Fortunately, the region of the board which was exposed seems to have a lot of blank or filled areas and not too many vias (holes connecting one layer of the board to another layer of the board). Also, it looks like the solder mask (green stuff) protected the board for the most part. The only areas likely to be damaged are exposed copper and solder at the pins of chips and in vias.

Unfortunately, there may be some of these under the chips as well as the ones that are visible.

While the chips look bad, the damage should be only on the package/pins, and not the internal silicon. So as long as you can clean up the pins and don't break any off, the chips may be recoverable.

That sound chip looks like it needs to have all of its pins cleaned and resoldered. There's at least one other in those pictures that also needs that. You probably need to remove the chips and check the pads underneath to see if there's anything left of them. Also to check for any vias which may be under the chip.

Use a heat gun or hot air gun to remove the chip and be really really gentle with it. Use plenty of flux on the solder joints before desoldering. Also, you may wish to cover any surrounding small components (SM resistors or caps) with modeling clay so that you do not accidentally desolder them.

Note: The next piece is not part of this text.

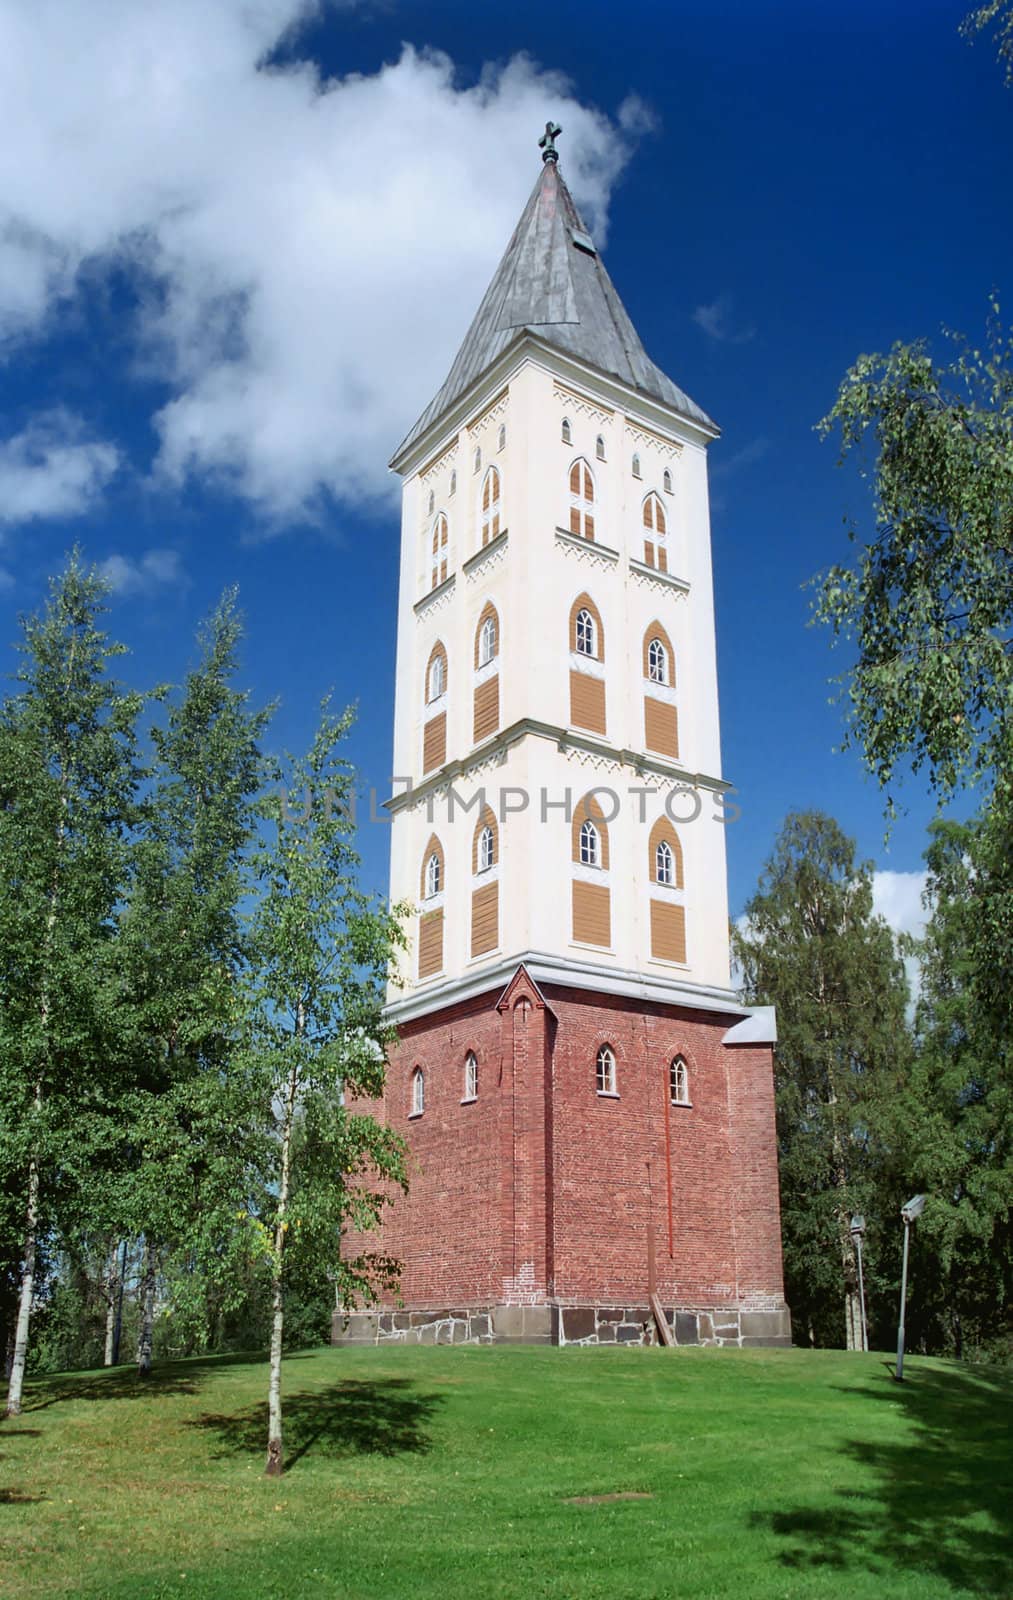 Lappeenranta church in Finland by mulden

When you desolder those components, don't apply any force lifting the chip. Make sure all the solder is fully melted first. You must be extremely gentle in this case to avoid tearing or lifting pads (or what's left of them).

Check the continuity of all of the traces connected by vias. The vias which connect to capacitors probably go to the ground or power planes, so you can check their continuity to any 5V or GND connection.

The battery holders are still available. I know DigiKey sells them. There is probably a European supplier.